* **Source data**
....

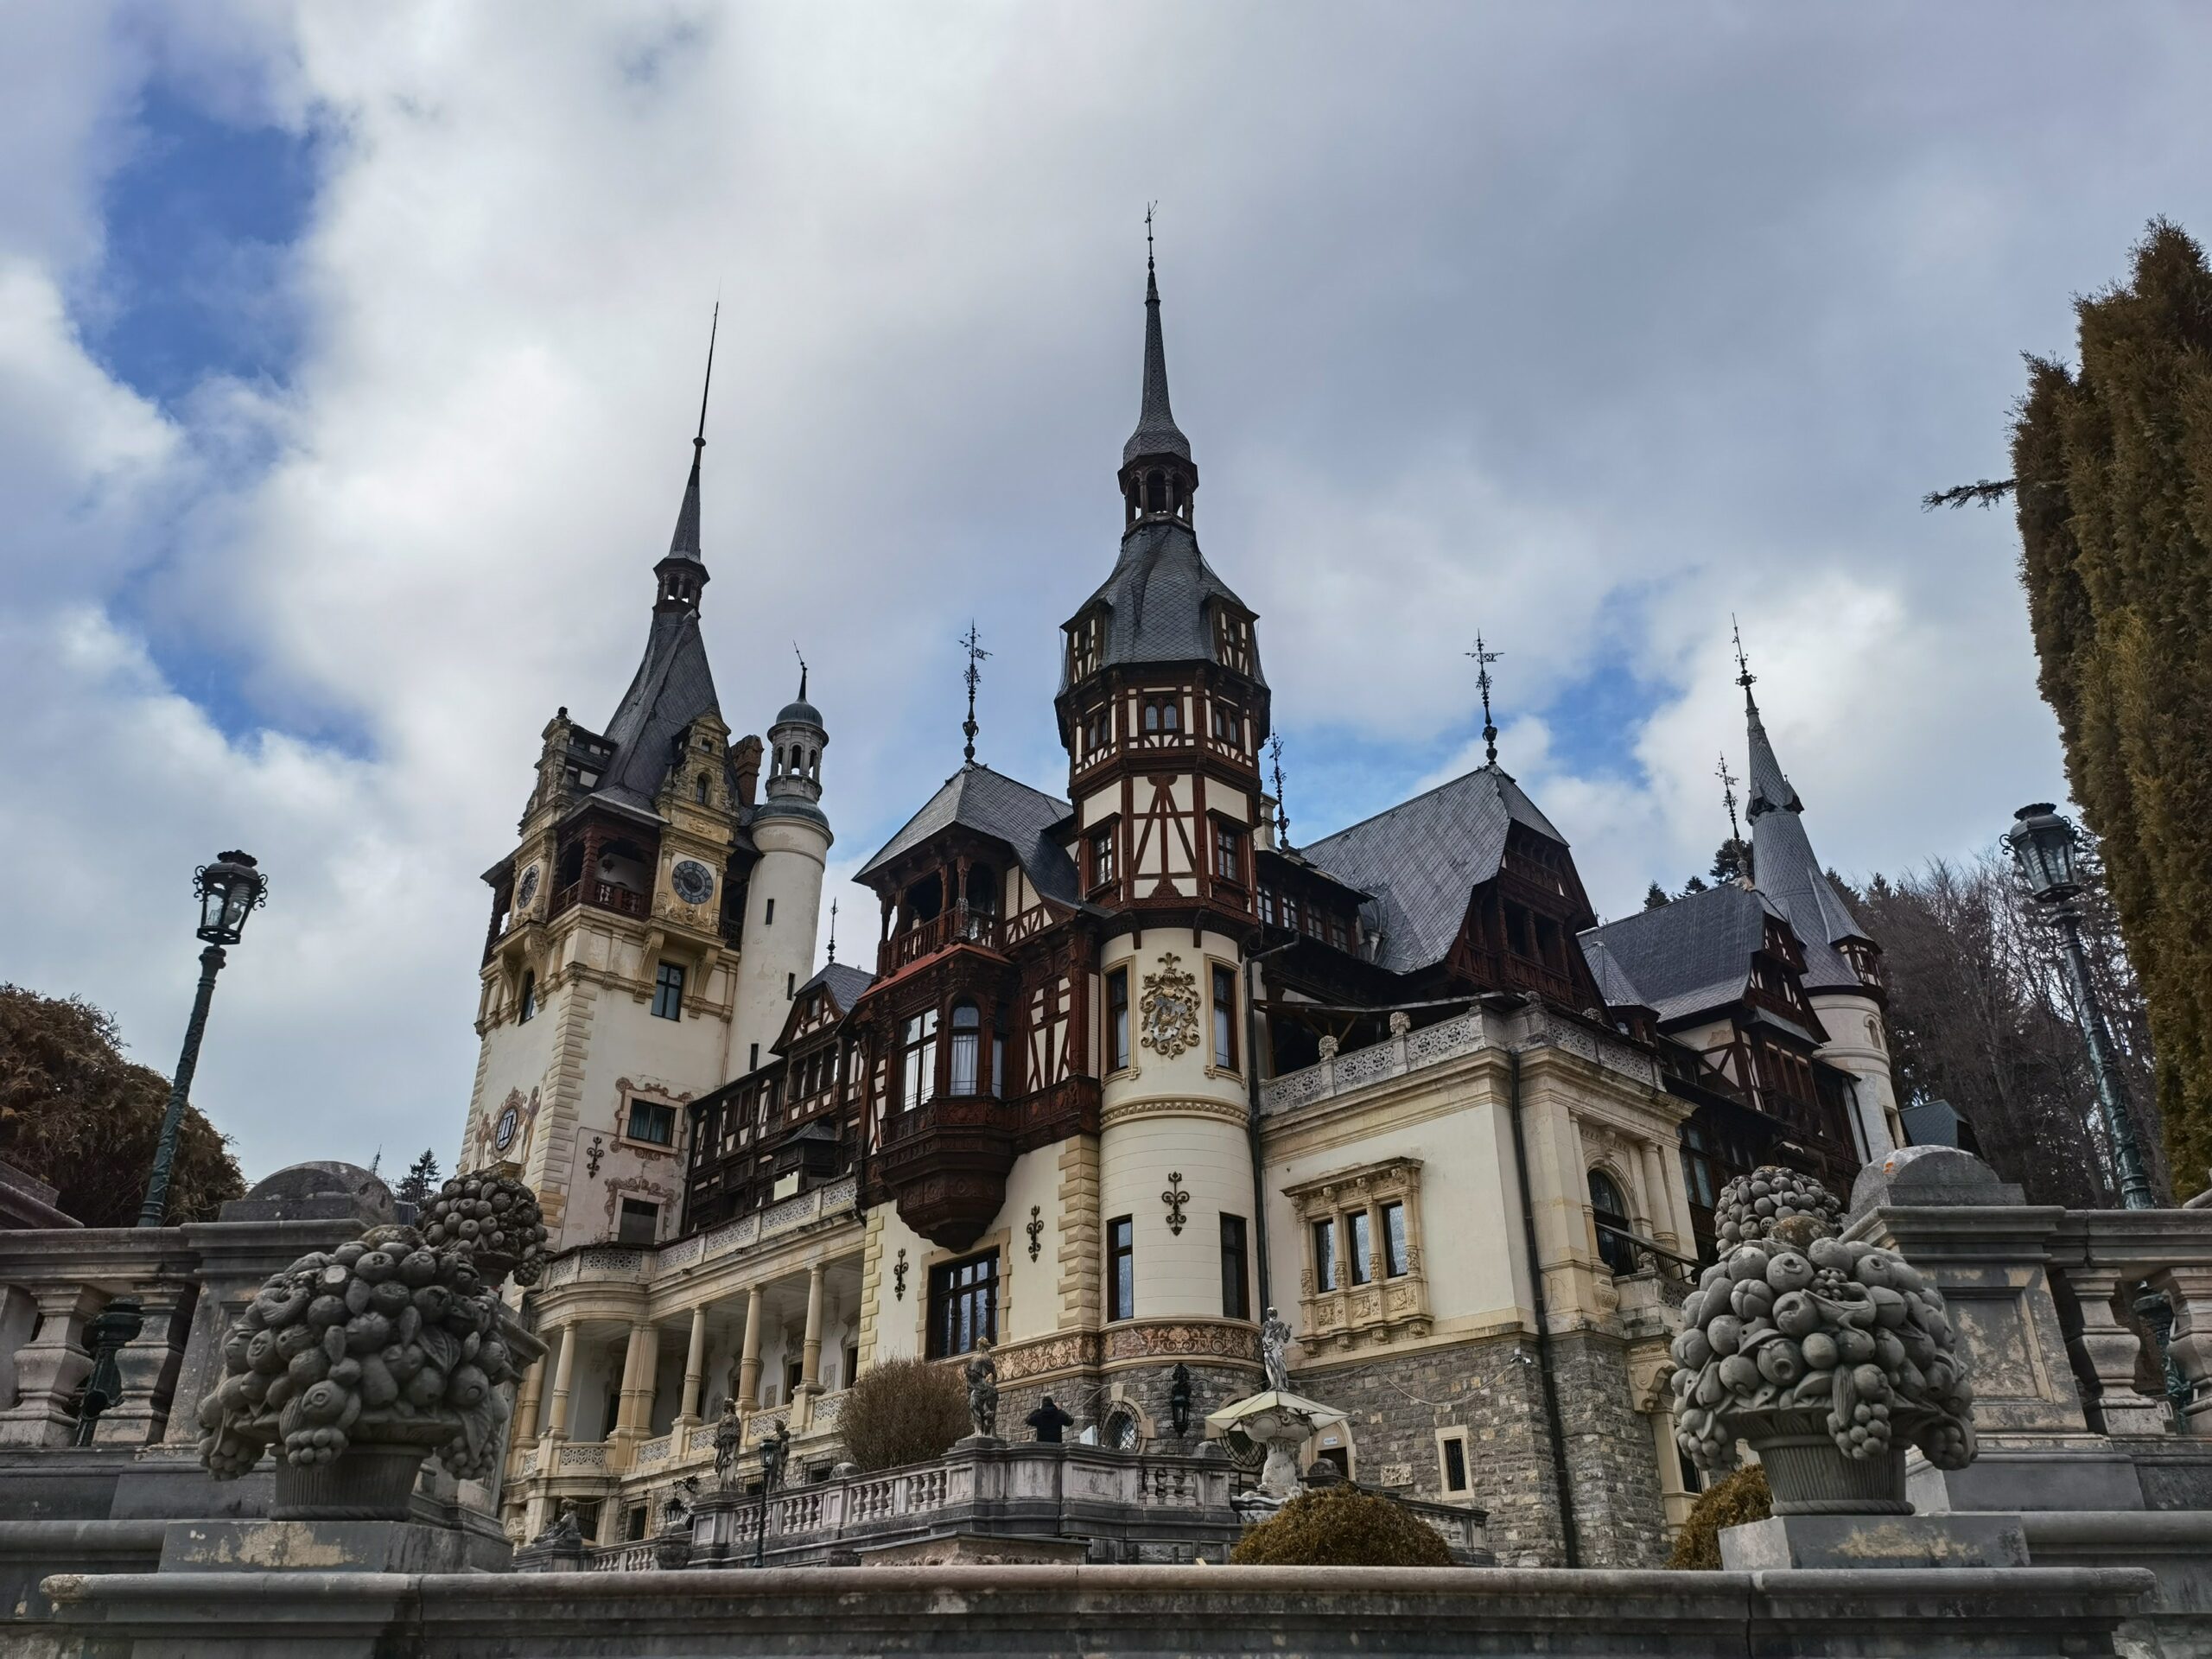 Peleş castle in Romania
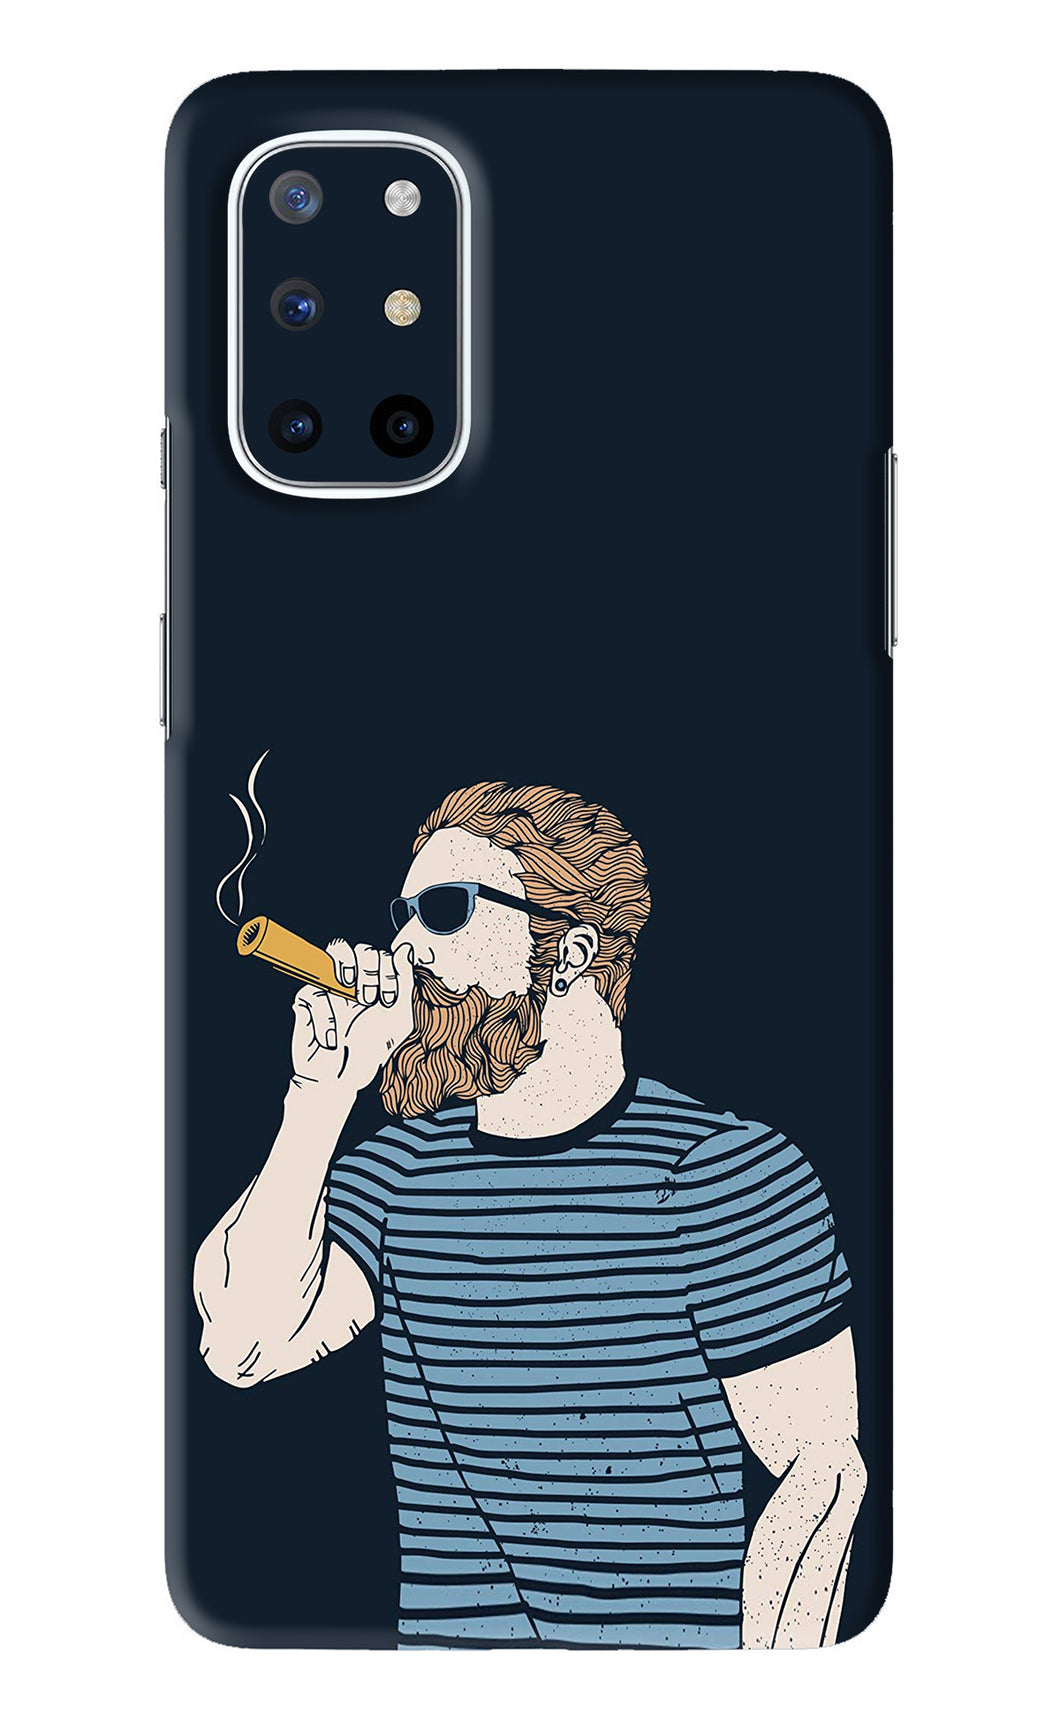 Smoking OnePlus 8T Back Skin Wrap
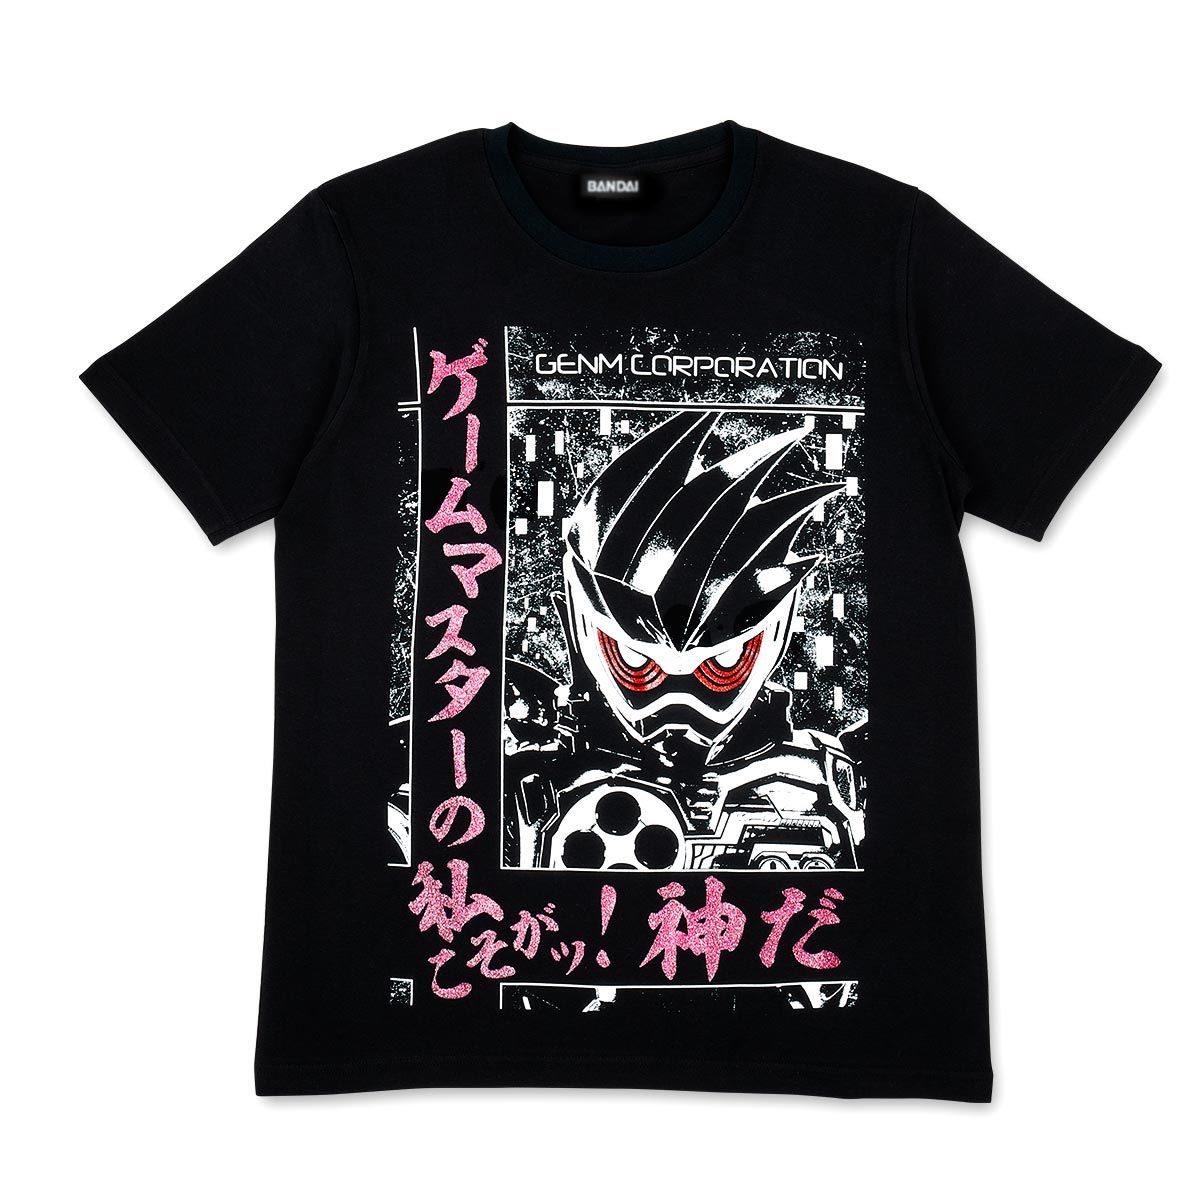 CEO Kamen Rider Decisive Quote T-shirts  (Kamen Rider Genm and Kamen Rider Cronus)

....

* **Your assignment**
Only the lines from the line with "Smoking OnePlus 8T Back Skin Wrap" to the bottom of the material above should be reproduced, exactly and without pictures.

* **Task result**
 Smoking OnePlus 8T Back Skin Wrap
 CEO Kamen Rider Decisive Quote T-shirts  (Kamen Rider Genm and Kamen Rider Cronus)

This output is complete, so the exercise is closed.